OnLive under new management, will continue service

18.08.2012
Cloud gaming service OnLive has been acquired by a new owner, it said Friday. The move meant an unknown number of staff were laid off, but the company pledged to continue its operations.

"The assets of OnLive have been acquired into a newly-formed company and is backed by substantial funding, and which will continue to operate the OnLive Game and Desktop services, as well as support all of OnLive's apps and devices, as well as game, productivity and enterprise partnerships," the company said in a statement.

"The new company is hiring a large percentage of OnLive, Inc.'s staff across all departments and plans to continue to hire substantially more people, including additional OnLive employees. All previously announced products and services, including those in the works, will continue and there is no expected interruption of any OnLive services," it said.
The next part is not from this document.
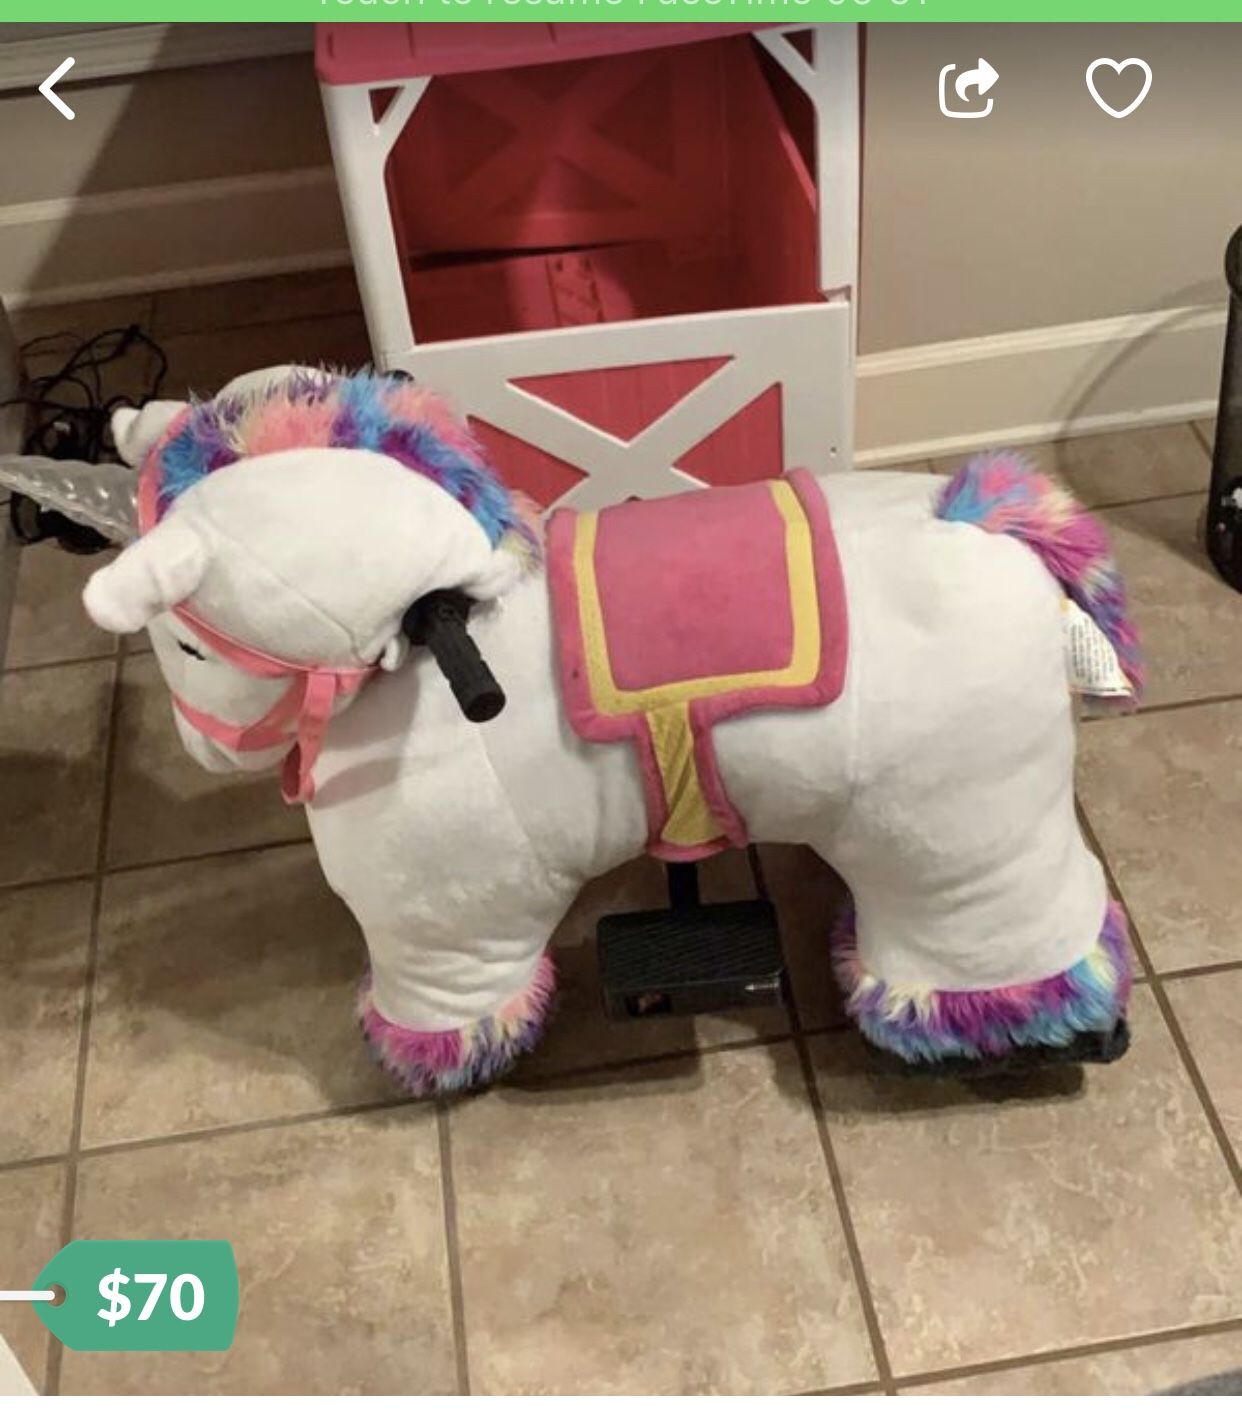 Unicorn(motorized) very good condition with stable.

A company spokeswoman declined to provide more information to a small group of reporters outside the company's Palo Alto headquarters.

News of changes at the company came first on Friday morning when "Their employees are sending out emails that  will be closed by the end of the day."

The tweet was quickly spread across the web and no information from OnLive was forthcoming.

Around 2pm some employees were seen leaving the building carrying packing boxes. Others entered and still more could be seen inside but no one had anything to say.

One person entering the building, when asked if he worked for OnLive, paused apparently unsure of how to answer the question, then said "Kinda ... sorta." He declined to say anything about what staff had been told.

One woman, a box in her arms, stopped as she left the building to say goodbye to a colleague who was entering.

A large pile of moving boxes sits in the building's basement parking garage.

OnLive operates an on-demand video gaming service that streams games to users via a TV adapter. The company runs the games on its server in the cloud so users don't require complex gaming hardware at home. OnLive's backers include Warner Bros., Autodesk, Maverick Capital, AT&T, British Telecom and The Belgacom Group.